The easiest plot to identify and lend itself to lexical design is the one centered on the image of the undertaker. His character is described first according to the principle of a mechanical shifter: all grave diggers presented in previous literature are cheerful, but this one is not. That is why he is not a “grave digger”, but a “undertaker”, who, falling out of type, acquires character, and, therefore, the opportunity to become the hero of the story. The dream returns the hero to the typical fold, relieving him of the burdens of reflection. Lexically, this plot is designated as not joy (sullenness) - joy (cheerfulness).
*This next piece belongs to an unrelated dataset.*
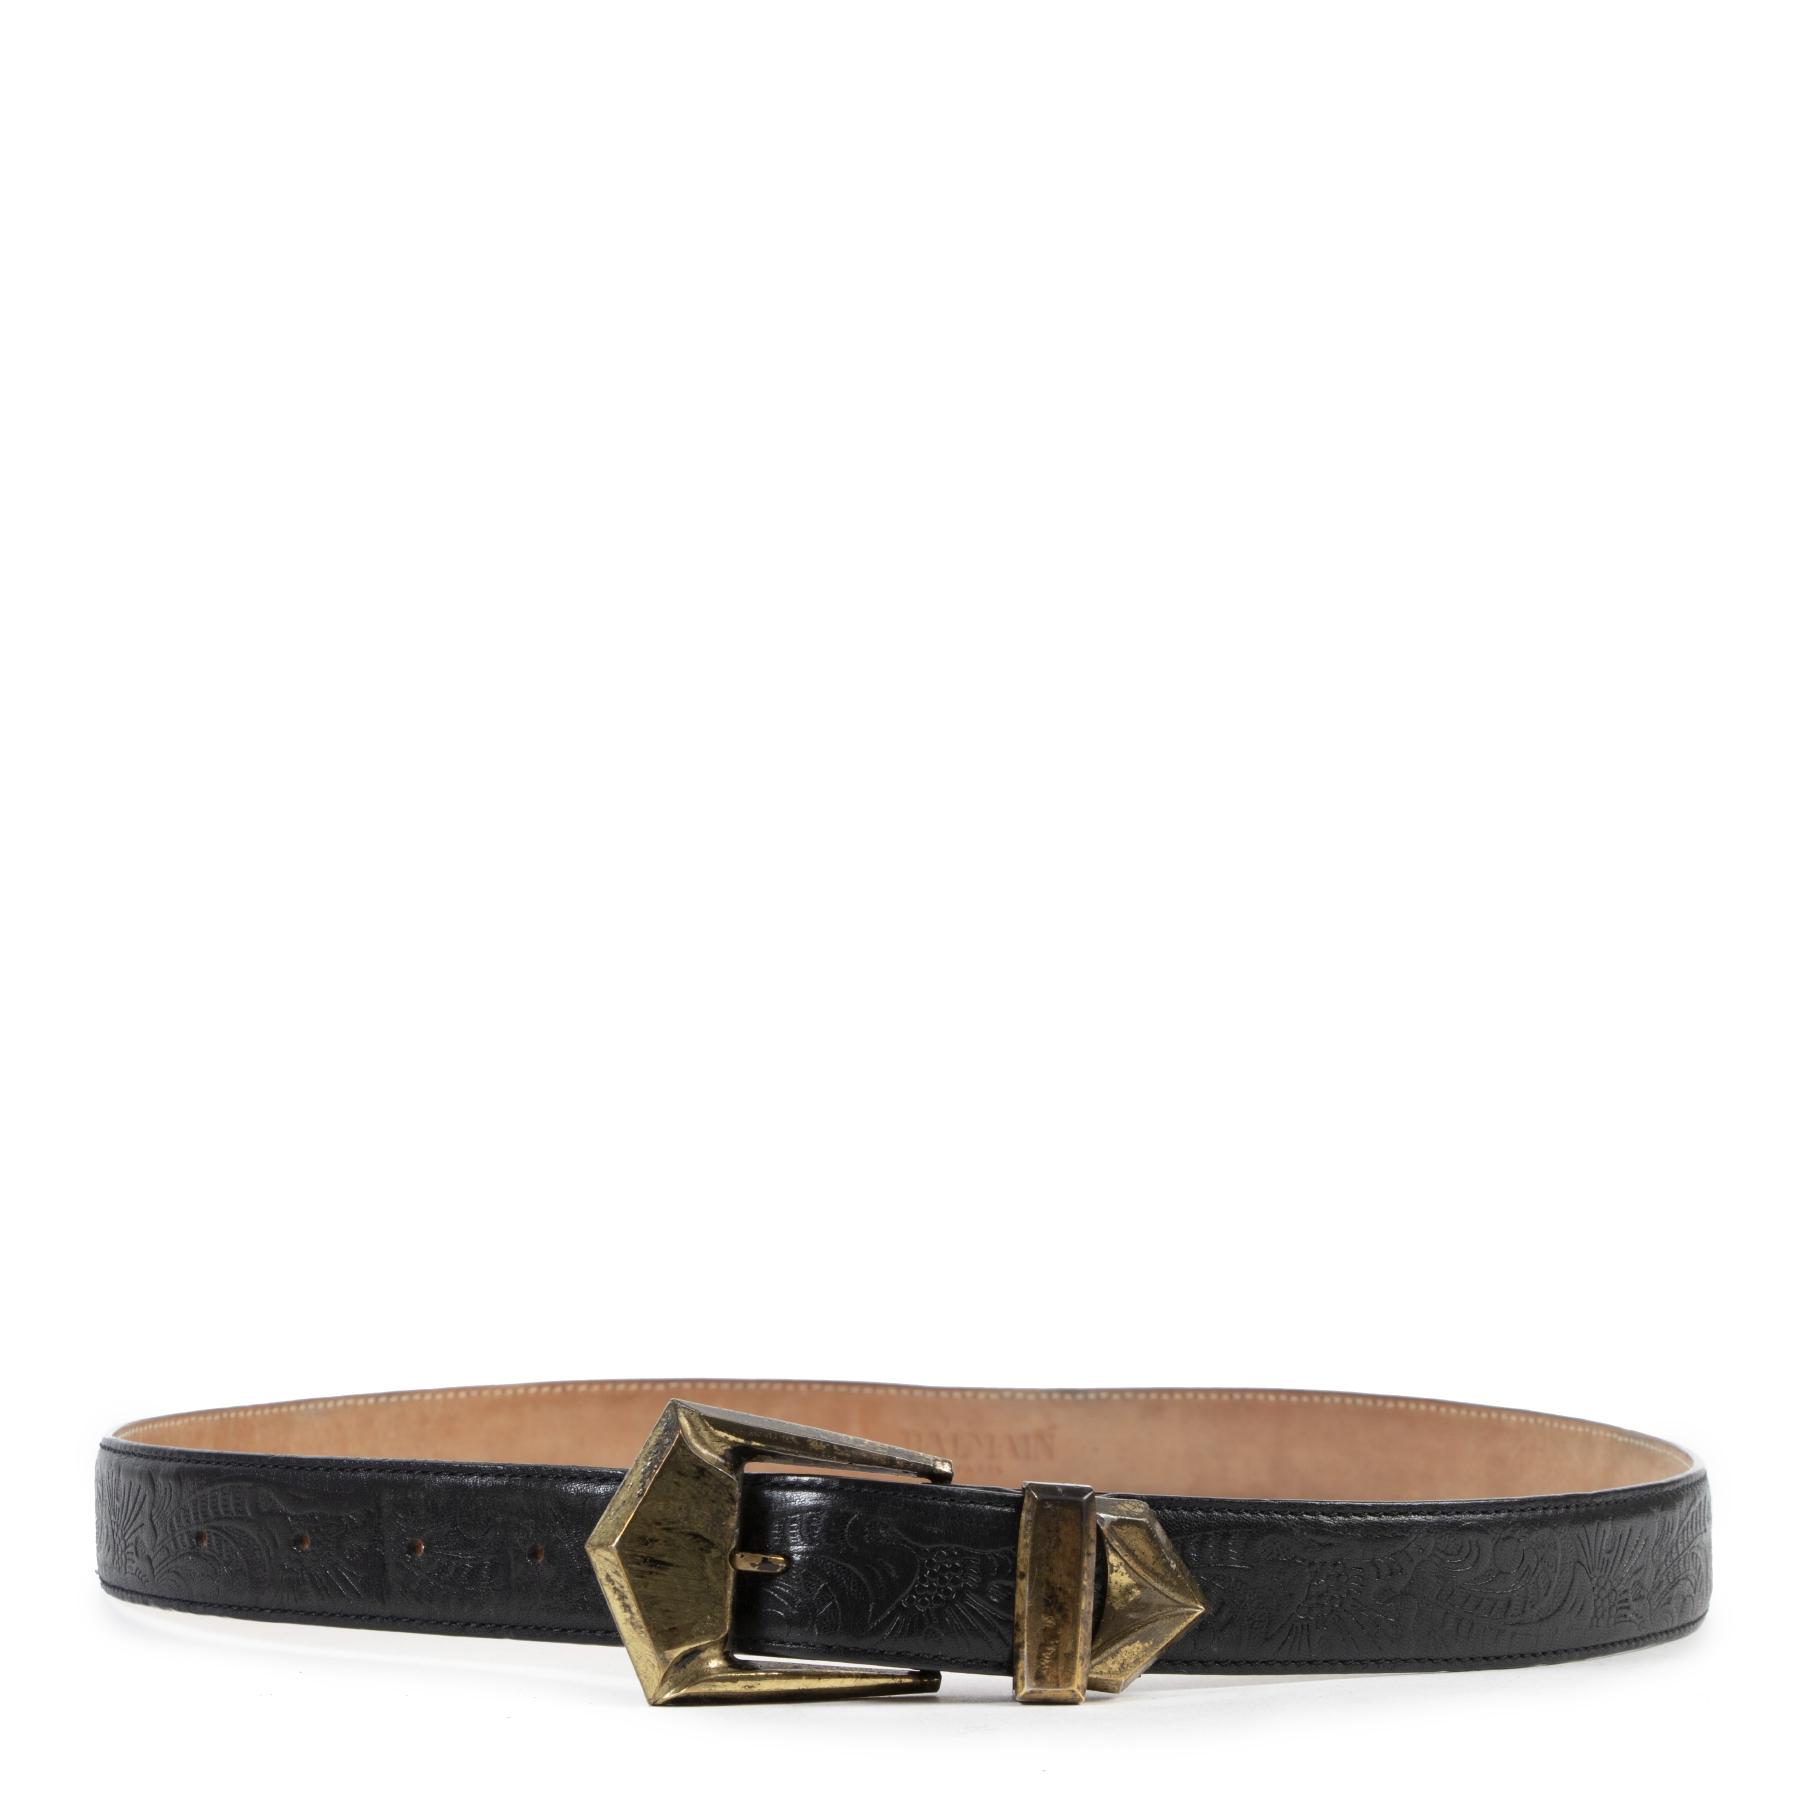 Authentic second-hand vintage Balmain Black Leather Belt - Size 38 buy online webshop LabelLOV

Playing with the hero's names also belongs to the linear, prosaic series. He is called Adrian Prokhorov twice, twenty-two times -

a trader, twenty-one - Adrian, two - Prokhorov, one - Adrian Prokhorovich. The hero is called Adrian Prokhorov when he is first introduced to the reader (the undertaker Adrian Prokhorov) and when his character is described (“Adrian Prokhorov was usually gloomy and thoughtful”26). Further, it is difficult to explain the change of names by a simple desire to avoid repetition. It is logical to assume that the hero will be Adrian in the family and

trader in professional activities. Indeed, the hero sitting under the window drinking tea is called by name, but the undertaker responds to the knock on the door (“Who’s there?” asked the undertaker”). When it comes to family matters, artisans talk among themselves (“The undertaker asked the shoemaker.”), when two private people talk about the craft (“Adrian asked” - “Schultz answered), professionals disagree again (“the shoemaker stood up and said goodbye to the undertaker” ). The duality is parodied in the attitude towards Yurko, whom Adrian meets “as a person whom sooner or later he may need.” In the society of artisans, the eating and drinking hero is persistently called Adrian, but a drunken and angry undertaker comes home, talking about his craft. Adriyan is going to invite the dead to visit, Adriyan falls asleep and it seems that he was woken up, Adriyan, he takes care of the funeral as an undertaker (he is called that four times in a row), and receives his own guests as Adriyan (ten times in a row). The dead address the owner by his last name, but in the end, from the lips of the no longer nameless worker, Adriyan receives the new title of Adriyan Prokhorovich. The change of names from Adriyan Prokhorov to Adriyan Prokhorovich is linear and works for the plot of spiritual rebirth; it is no coincidence that the awakened hero is announced that he is a “private birthday boy”28, and the “despair” that appeared in the “seventh cup of tea” is replaced by “despair” - expectation. But reflection on the inadequacy of one’s own state of mind well-being of the moment, is attributed to the undertaker (“the old undertaker felt with surprise

niya...") - the change of name and professional designation goes beyond linearity and plays on the initially stated pun "the undertaker moved his entire house" in different plot layers. Other names may also be connected to this game: the name of the dying Tryukhina contains a phonetic association with rot and a corpse29, then “the deceased Tryukhina” is a tautology.

The layers of the plot associated with the paradox of life-death and metatext are not linear, but “reversible”, as evidenced by the complex language game that does not form clear oppositions and linear lexical chains.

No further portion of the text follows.